Senior Scientist Drug Product Development (all genders)

Senior Scientist Drug Product Development (all genders)

Just is looking for an experienced and innovative senior scientist to join its dynamic, multidisciplinary Drug product development team at its J.POD site in Toulouse, France. This team is responsible for early-stage formulation development through to manufacturing process development for pharmaceutical products at all clinical stages and for all markets.

The ideal candidate will possess strong leadership skills, in-depth knowledge of sterile pharmaceutical manufacturing, as well as a thorough understanding of formulation development for therapeutic proteins, from first-in-human (FIH) trials through to commercialization. Proven experience in these technical areas, experience with pharmaceutical contract manufacturing organizations (DP CMOs), biosimilars, and scientific leadership at various skill levels is essential.

Missions and responsibilities :

1. Lead the development of phase-appropriate formulations and perform stability studies.
2. Implement pharmaceutical product development strategy and conduct formulation development and PD process experiments.
3. Represent the Pharmaceutical Product Development function and work collaboratively with cross-functional P&PD teams to achieve organizational goals.
4. Serve as project representative for pharmaceutical product development on cross-functional project teams.
5. Work with external CMOs for outsourced activities, including pharmaceutical manufacturing.
6. Optimize development strategies to increase efficiency and reduce risk of FIH and commercial formulations.
7. Optimize development strategies for biosimilar formulations, taking into account intellectual property challenges.
8. Act as a team member and collaborate with Just organization partner groups, including analytical, quality control, quality assurance and manufacturing teams, to ensure product quality and stability.
9. Act as an internal technical resource for Quality, Manufacturing and Process Design, as well as a resource and subject matter expert for external clients and collaborators.
10. Represent Just at external meetings related to important industry wide issues related to our business.
11. Provide technical expertise to internal and external teams regarding container closure for designing drug product.

Knowledge, skills and abilities :

1. Dynamic, have good interpersonal skills and are a team player.
2. Knowledge of regulatory guidance from the FDA and EMA for development of biologic drug products and biosimilars.
3. Knowledge of USP and Ph. Eur. as it relates to biologics development.
4. Knowledge of analytical techniques including HPLC/UPLC, Capillary Electrophoresis (CE), Isoelectric Focussing (IEF), Sub-visible particle analysis etc.
5. Knowledge and understanding of DoE (design of experiments) and other statistical analysis techniques.
6. Having comprehensive written and verbal English and French communication skills.
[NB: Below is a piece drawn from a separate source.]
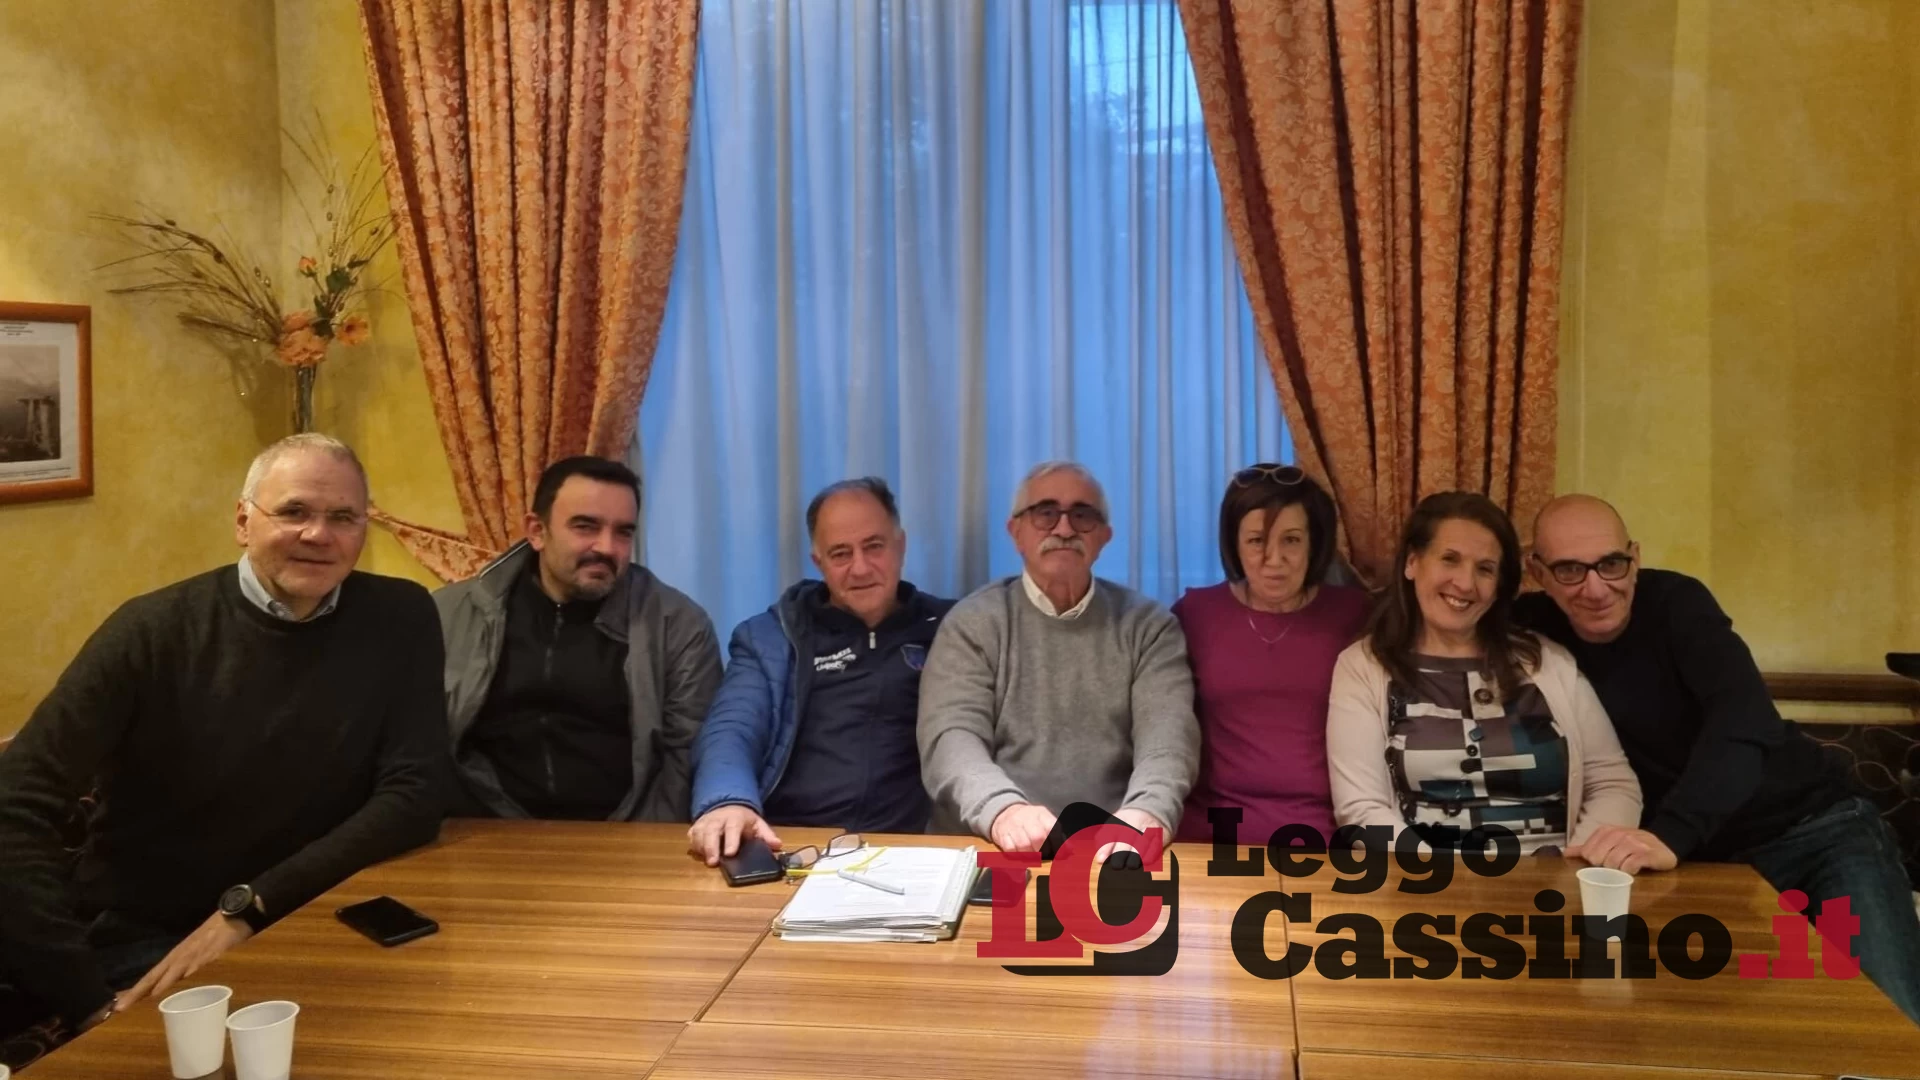 Nuovi soci, antiche tradizioni: l'associazione 'Vecchia Cassino' riparte

Experience and education :

• Master’s degree in biotechnology, bioprocess engineering, pharmaceutical sciences, biochemistry or related filed with 10+ years of relevant experience or Ph.D. with 7+ years of relevant experience in pharmaceutical and/or biotechnology industry.
• Experience in Drug product development and/or manufacturing of sterile dosage forms including frozen, liquid, formulations in vials and pre-filled syringes.
• Experience in Biologic/Protein formulation and DP process development.
• Practical hands-on experience of analytical techniques including HPLC/UPLC, Capillary Electrophoresis (CE), Isoelectric Focussing (IEF), Sub-visible particle analysis/characterisation, DLS etc.
• Experience on design of experiment (DoE) tools such as JMP, MODDE etc. and statistical analysis for biologic and/or biosimilar products.
• Deep understanding of protein stabilization mechanisms.
• Excellent written and verbal communication skills in English, including the ability to communicate effectively over teleconference and web-based meetings.